### DATASET EXTRACT ###

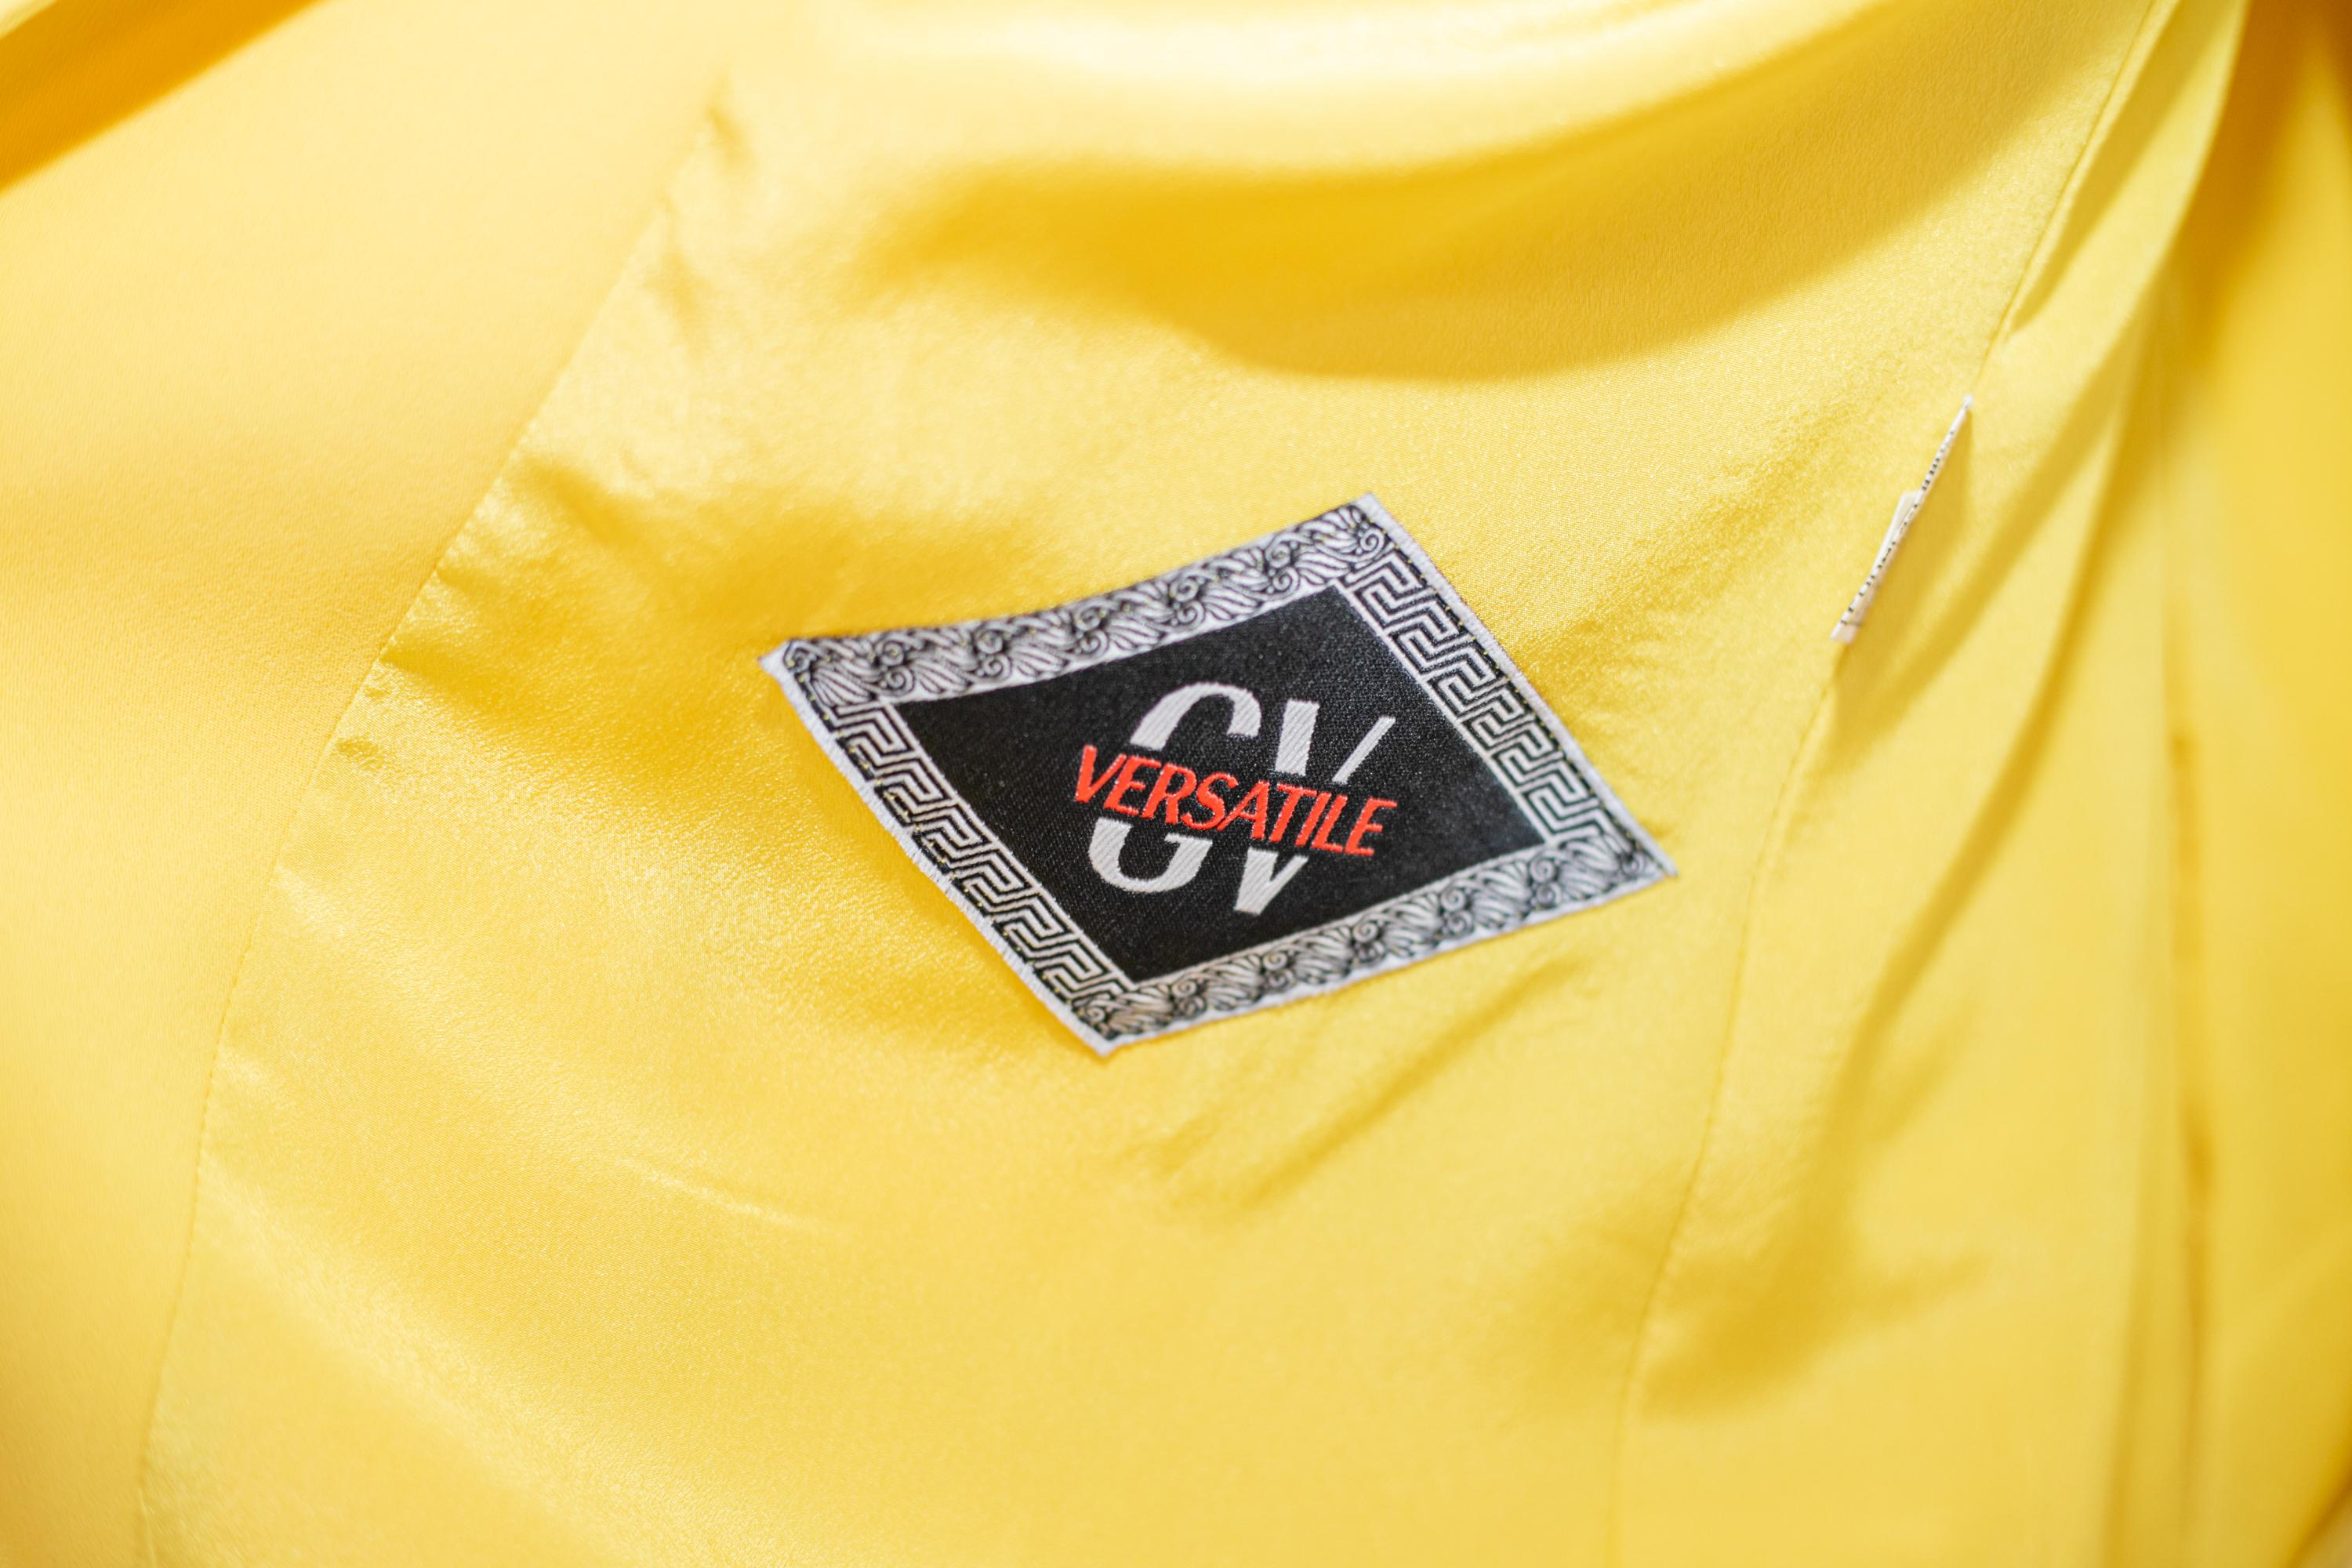 Robe jaune brillant conçue par Gianni Versace dans les années 1970, de belle facture italienne.
L'étiquette originale est présente à l'intérieur.
La robe se compose de deux pièces : la veste et la jupe.
La veste est une veste classique avec une

###

**WHAT YOU ARE ASKED TO DO:**
Say how many lines in the data include the string "veste", giving the number alone.

**EXERCISE RESULT:**
2